Co-host Joy Behar said the concerns about the naked drawing was probably “a canard to throw you off from the fact that they don’t like history that makes white people look bad”.

“Well, this is white people doing it to white people, so y’all gonna fight amongst yourselves,” Ms Goldberg responded, referring to the Holocaust.

The panel then moved on to discuss efforts to ban parts of history from being taught in schools.

“If you’re going to do this, then let’s be truthful about it because the Holocaust isn’t about race,” Ms Goldberg said.

Around 6 million Jews and 5 million others were killed by the Nazis during the Holocaust. Ms Goldberg said the dark history was about “man’s inhumanity to man” and that it involved “two white groups of people”.

Following outrage at her comments, Ms Goldberg put out a statement on Twitter at 8.15pm on Monday.

“On today’s show, I said the Holocaust ‘is not about race but about man’s inhumanity to man.’ I should have said it is about both,” she said.

“As Jonathan Greenblatt of the Anti-Defamation League shared, ‘The Holocaust was about the Nazi’s systematic annihilation of the Jewish people – who they deemed to be an inferior race.’ I stand corrected,” she added. “The Jewish people around the world have always had my support and that will never waiver. I’m sorry for the hurt I have caused.”

Mr Greenblatt tweeted that the Nazis “dehumanized” Jews and “used this racist propaganda to justify slaughtering six million”.

“Holocaust distortion is dangerous,” he added.

Ms Goldberg, whose birth name was Caryn Johnson, has said that she adopted her surname partly because, while she doesn’t practice religion, she identifies as Jewish.

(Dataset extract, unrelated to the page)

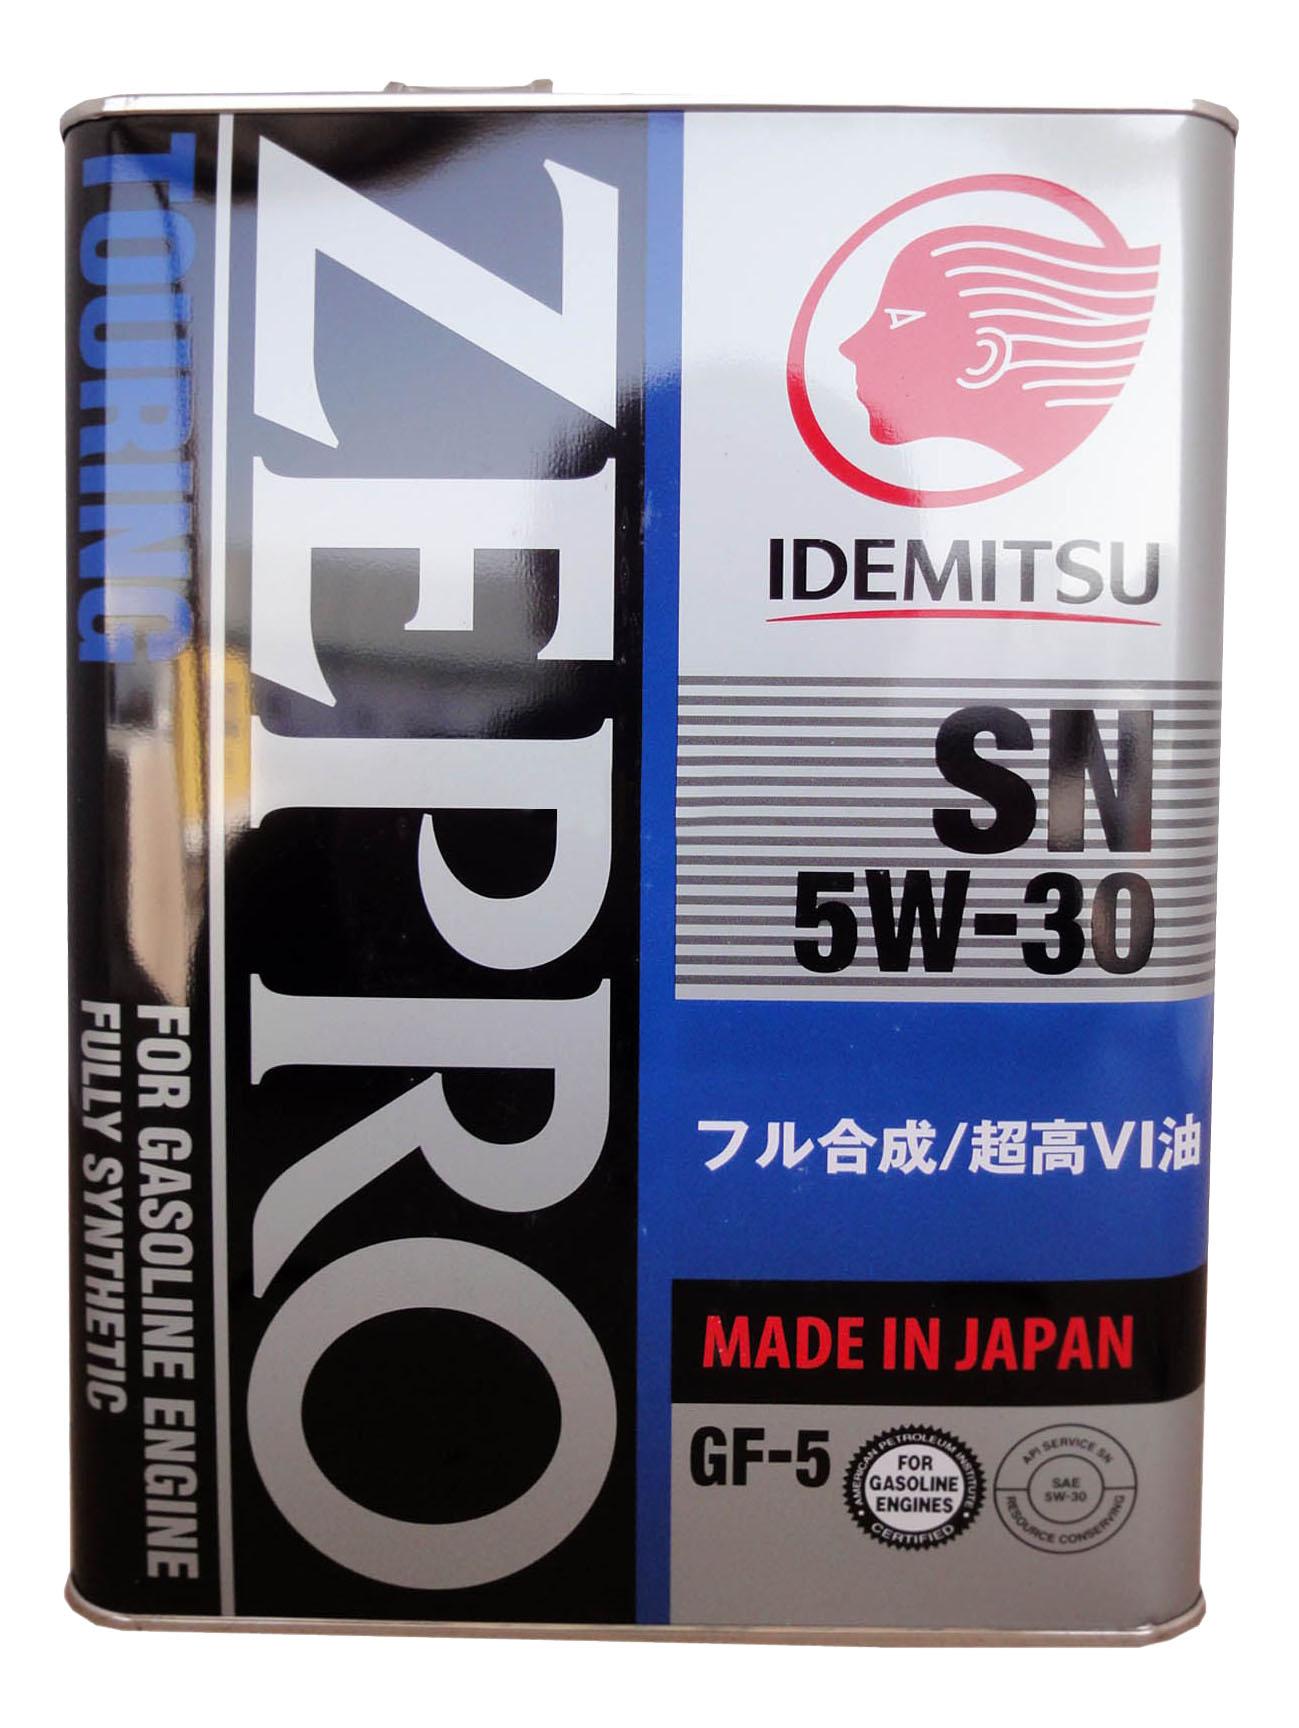 Моторное масло Idemitsu Zepro Touring SN/GF-5 5W-30 4л

“I am a Jewish-American princess,” she told the Orlando Sentinel in 1994. “That’s probably what bothers people most. It’s not my problem people are uncomfortable with the fact that I’m Jewish.”

“Consequences only go one way folks,” Mr Trump Jr tweeted earlier on Tuesday. “You should know this by now.”

Mr Trump Jr compared the treatment of Ms Goldberg, who has not been fired from ABC, to the firing of Roseanne Barr, whose ABC sitcom was cancelled after she posted a racist tweet comparing an African American aide to former President Barack Obama to an ape.

Ms Barr blamed the racist post, which was later deleted, on “ambien tweeting”. In the post, she described the longtime Obama aide, Valerie Jarrett, as the child of the Muslim Brotherhood and the film The Planet of the Apes.

“Roseanne’s Twitter statement is abhorrent, repugnant and inconsistent with our values and we have decided to cancel her show,” ABC said at the time.

“While all pharmaceutical treatments have side effects, racism is not a known side effect of any Sanofi medication,” a spokesperson for the pharmaceutical company that makes Ambien said.

“I’m not a racist, I never was [and] I never will be. One stupid joke in a lifetime of fighting [for] civil rights [for] all minorities, against networks, studios, at the expense of my nervous system/family/wealth will NEVER [be] taken from me,” Ms Barr tweeted on 30 May 2018, to fierce criticism on the social media platform.